It’s that time of year again – when students find out if they have a place at their chosen University. David Woods, Director at Last Taboo partner, Humm Media, explores those first few weeks at University and offer advice to make sure you stay sexually safe.
It’s A Level Results week again.
Hundreds of thousands of ambitious young people have just opened their A Level results, found out their grades and are off to take the next step in their lives. Deep breath…
No matter what your results are. Be proud of yourself.
You worked hard and today marks the start of something new and exciting, even if your grades weren’t what you were hoping for. Don’t forget, there are people that can help you secure a place at University,even if you’re not sure about what to do yet.
First things first though. There are still a few weeks of summer left, so make the most of it and take some time out to spend with your friends, before you go your separate ways – or perhaps even take a holiday!
Then comes the exciting part for many – going off to university.

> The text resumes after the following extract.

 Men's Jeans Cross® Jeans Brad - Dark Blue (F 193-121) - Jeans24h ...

Some find it difficult to leave friends and family behind if they’re heading off to uni in another city or country, but there are so many things to look forward to: meeting new people, living away from home, having your own independence, learning about the world, (legally) being allowed to drink, lots of lectures and essays… well maybe not so much the last part.
University is obviously about coursework, studying and getting your chosen degree; but more than that, it’s also a chance to find out what it’s like to live in the world, away from your parents and it’s an opportunity to experiment and try out new things. It’s a chance for you to be the ‘you’ you want to be, with a healthy dose of freedom to express yourself.

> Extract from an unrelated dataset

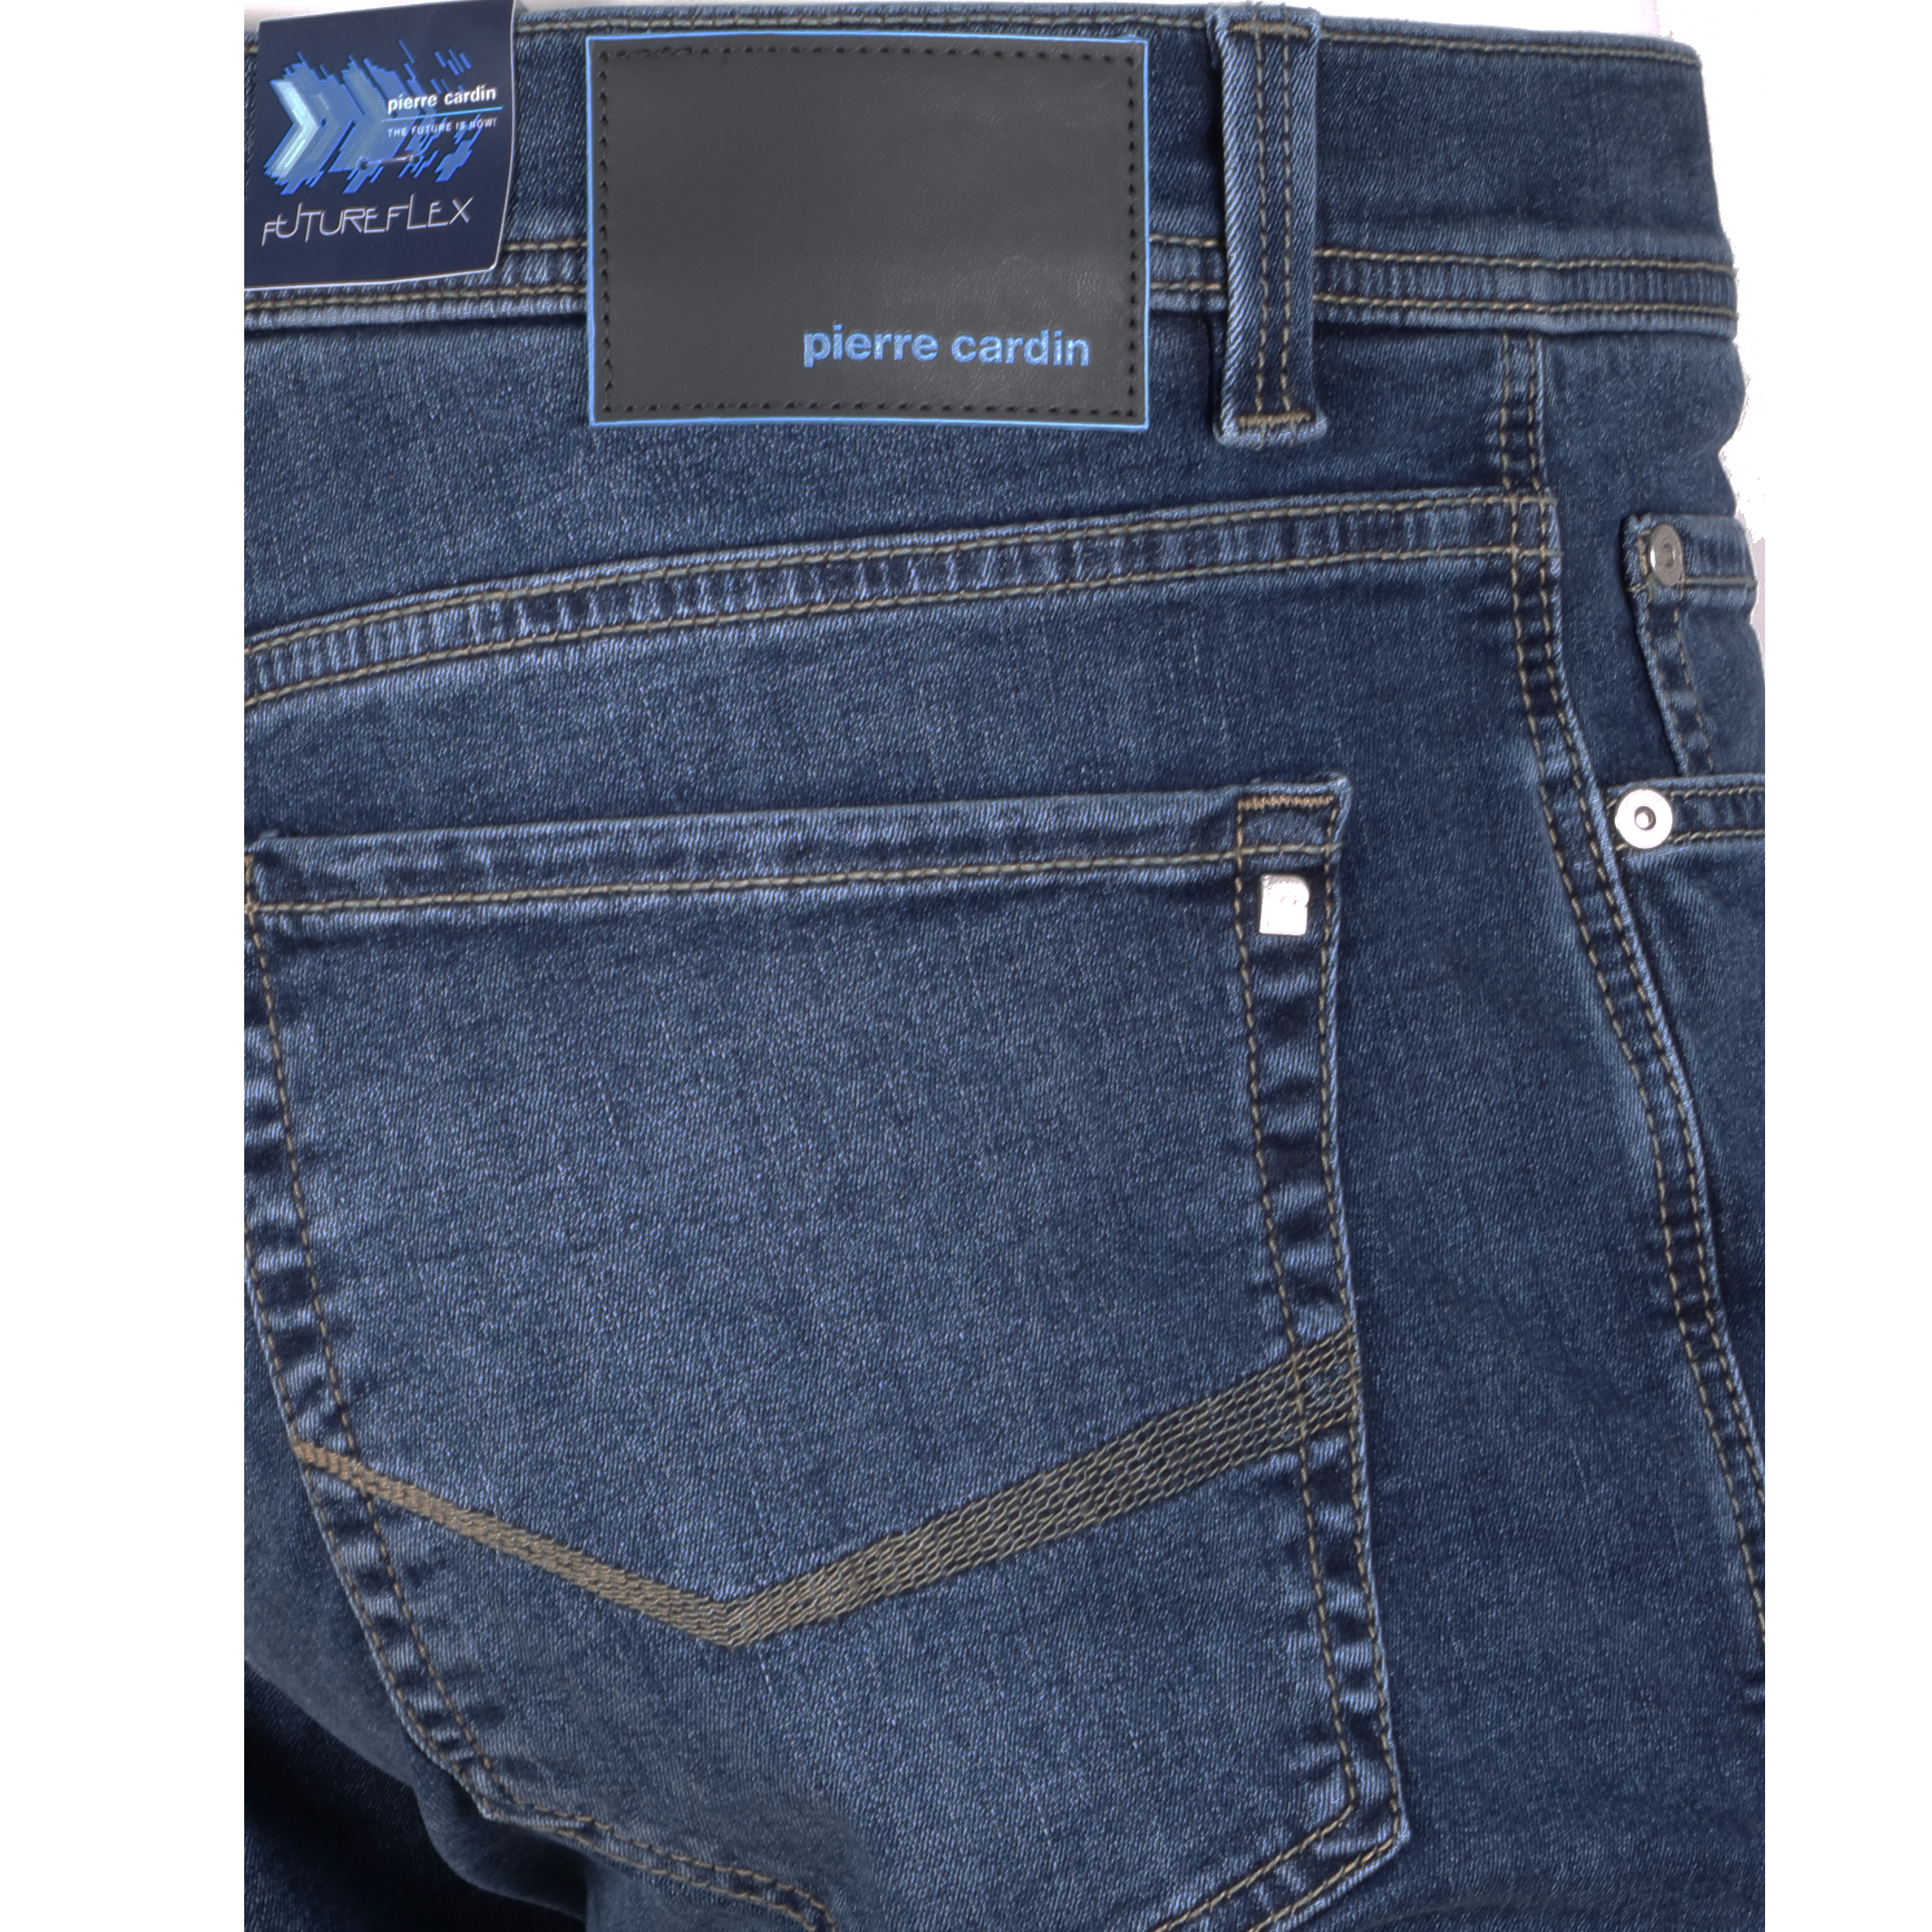 Pierre Cardin Herren Jeans Lyon Futureflex - blau used 40/34

Loads of people meet their lifelong, best friends during their Freshers Week at university, so throw yourself into it and get involved in all the mayhem that comes with it.
For loads of Freshers, the first week at university will be a mecca for people who are young free and single and just want to mingle. It’s not uncommon for quite a few Freshers to end up hooking up, away from prying eyes – and if that’s the choice you want to make – on your own terms – that’s fine, but there a few things you should think about before you ‘delve in’.
According to AWARE UK, an organisation committed to breaking stigma around sexually transmitted infections, such as HIV, a third of people under 24 don’t think they know enough about how STIs are transmitted. In fact, most people don’t know the symptoms of infections such as chlamydia, gonorrhoea, syphilis, HIV or herpes – and that’s because a lot of these don’t actually have any visible symptoms.
You might not feel you’ve have had a lot of education about STIs at school or college and there are certainly enough myths going around about them to confuse any one.
Let’s be clear. It’s completely and utterly not true that only ‘trashy’ people catch STIs; it’s also not true that you can’t get an STI from giving or receiving oral sex. You can get an STI from a single encounter – you don’t have to be sleeping around.
It’s also not true that if you had an STI, you would know about it……
Public Health England reports that over 200,000 cases of chlamydia and almost 35,000 cases of gonorrhoea were diagnosed in 2014. It also estimates that more than a quarter of people that have HIV don’t know they have it – that’s an estimated 26,100 people. This unaware group are unknowingly responsible for most of the cases of passing the virus onto other people.
Another common myth is that an STI could mean you will not be able to have children or even worse, could die. Please don’t panic. There are really great treatments available for all STI’s that mean you can live a normal healthy life. But these treatments are most effective when they are started at the right time and there has not been any long term damage done to your health. Left untreated, STIs can cause serious complications later in life, such as infertility and impotence, some may even be fatal.
That is why it is critical to get tested; because if you don’t know, you can’t get treated
Here are two pieces of advice you should always remember:
1. Bag up! Use a condom every time you have sex. Every time; no excuses.
- It’s not enough for a person to tell you they don’t need to use one;
- you can’t expect the other person to bring a condom – have one of your own (in date please!);
- don’t accept excuses (‘I don’t like condoms’ for example). Condoms are the best chance you’ll have of protecting yourself from STIs and if your partner doesn’t want to use protection, chances are they haven’t with other partners – you’ll have to ask yourself is it really worth taking a risk with this person?
2. Get tested.
- If you’ve taken a risk with your sexual health and didn’t use a condom, don’t panic. The important thing is to get a sexual health screening as soon as you can.
- If you’re diagnosed with something, you can start treatment right away.
- You can ask your partner to go too. It’s not scary at all and it’ll be a relief if you get the all clear.
To get tested, you can go to a sexual health clinic, which you can find online or your university will be able to direct you to. There are also home testing kits available for some STI’s such as chlamydia or forHIV testing.
Don’t worry, just be sensible (while having a crazy freshers week) and have fun!